- **Data to process**:

-=-=-

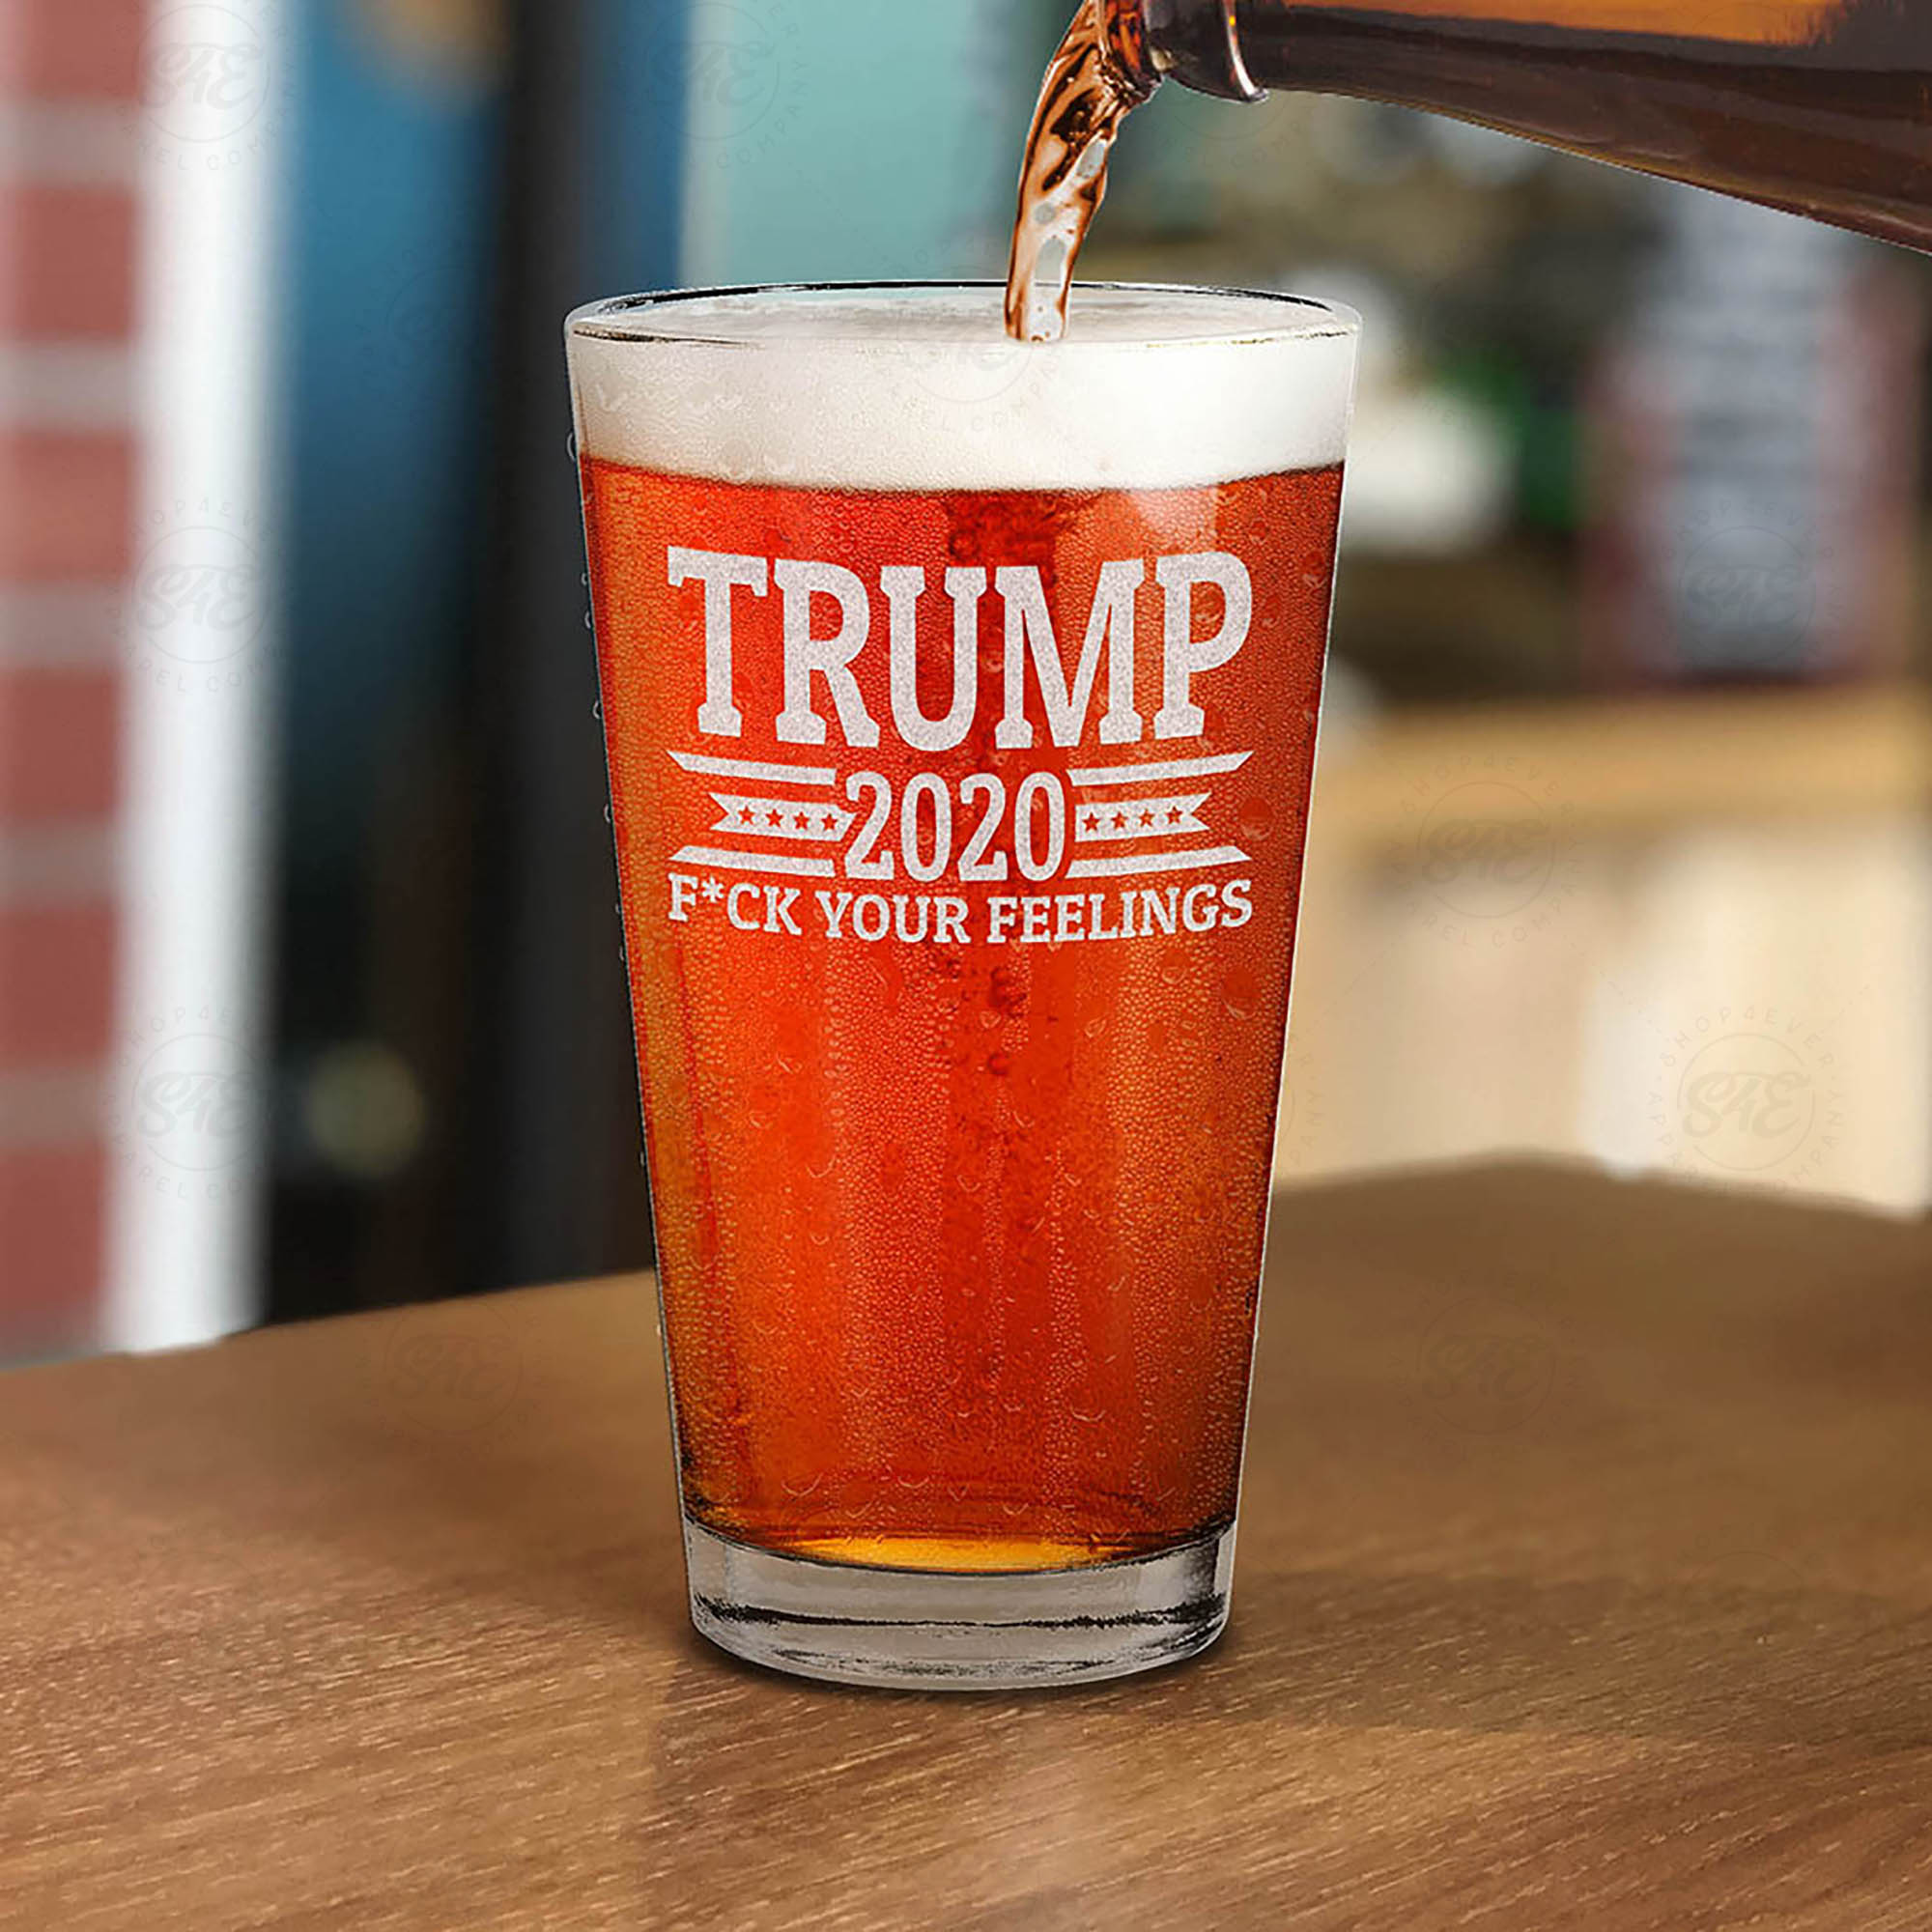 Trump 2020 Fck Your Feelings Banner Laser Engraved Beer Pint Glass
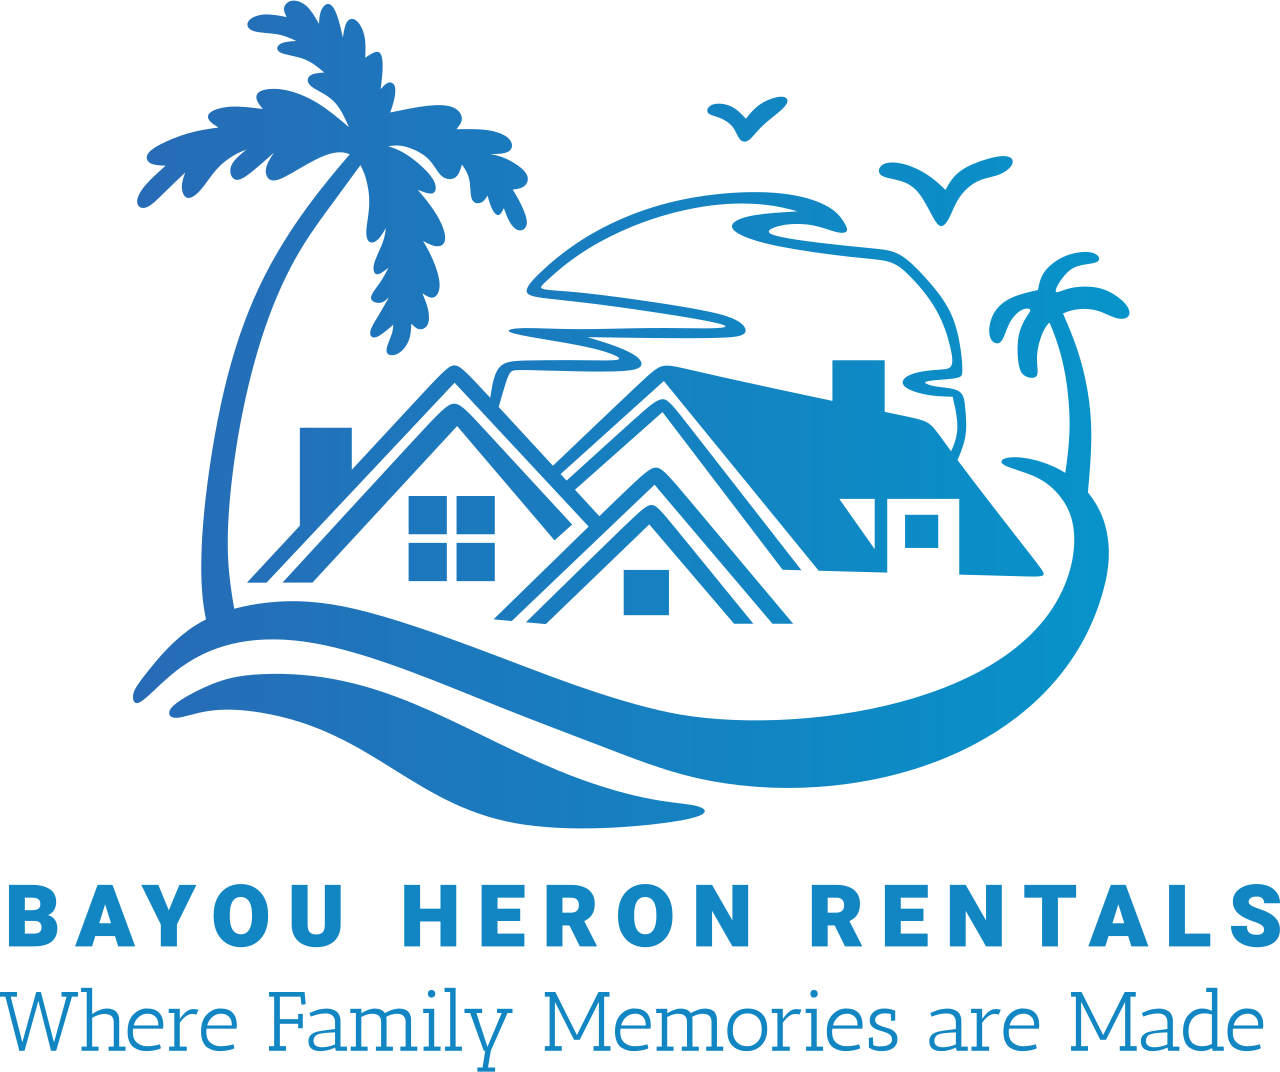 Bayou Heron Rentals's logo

-=-=-

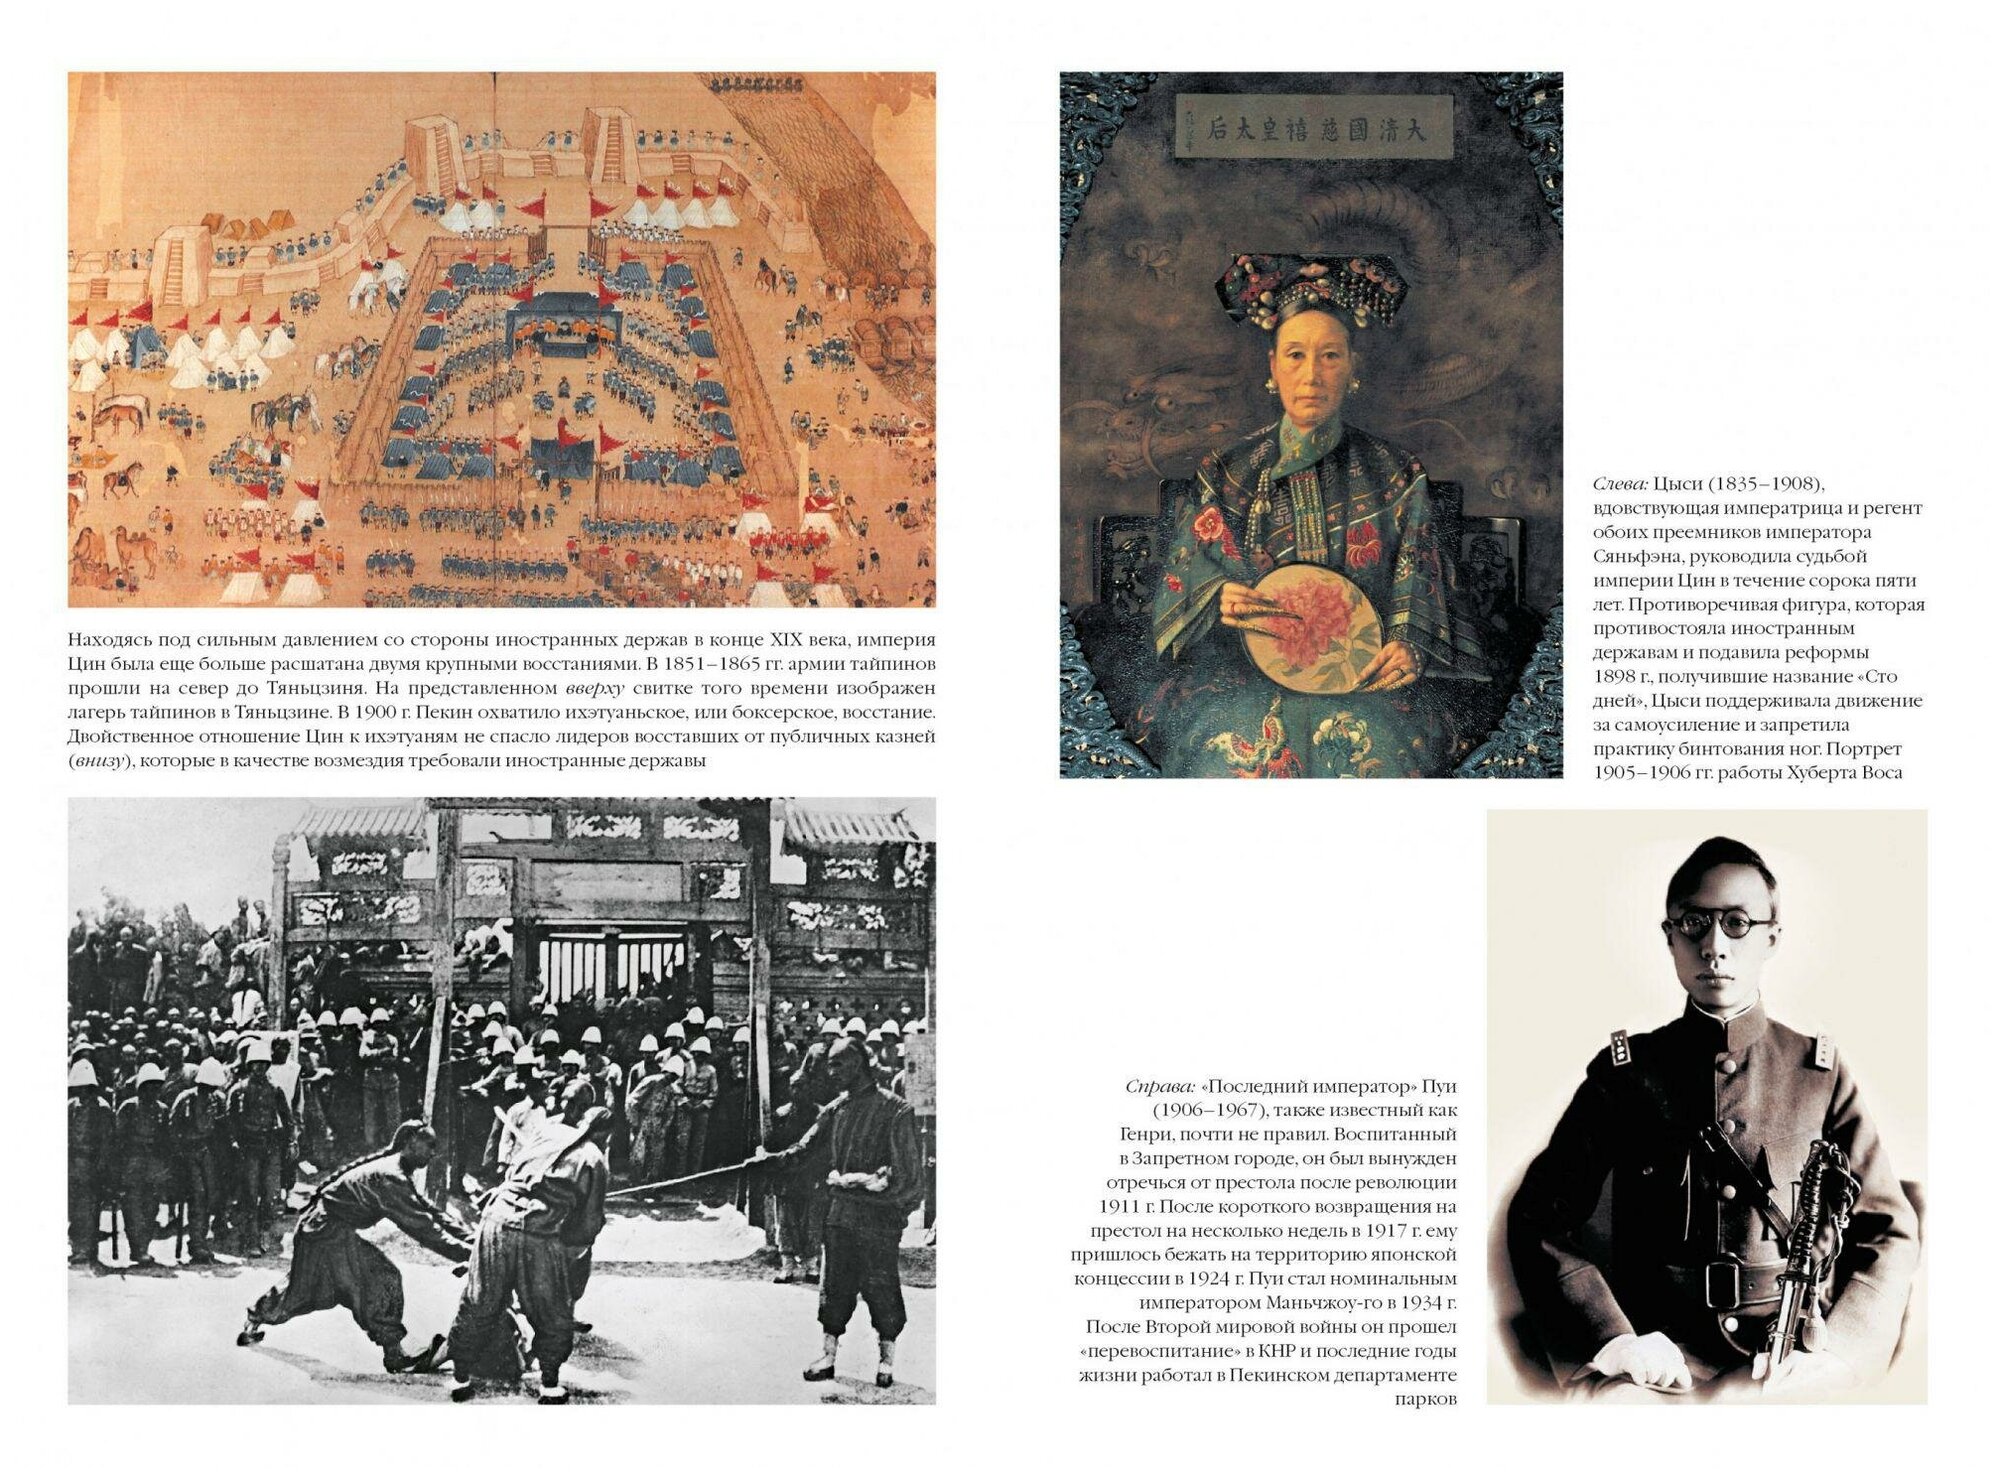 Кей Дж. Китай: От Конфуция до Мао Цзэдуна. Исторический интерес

-=-=-

- **What the task asks**: Please repeat, exactly as written, the lines in the records above, starting with the one that has "Trump 2020 Fck" and going on through the one that has "Bayou Heron Rentals's logo". Pictures are to be left out.

- **Solution to the problem**:
 Trump 2020 Fck Your Feelings Banner Laser Engraved Beer Pint Glass
 Bayou Heron Rentals's logo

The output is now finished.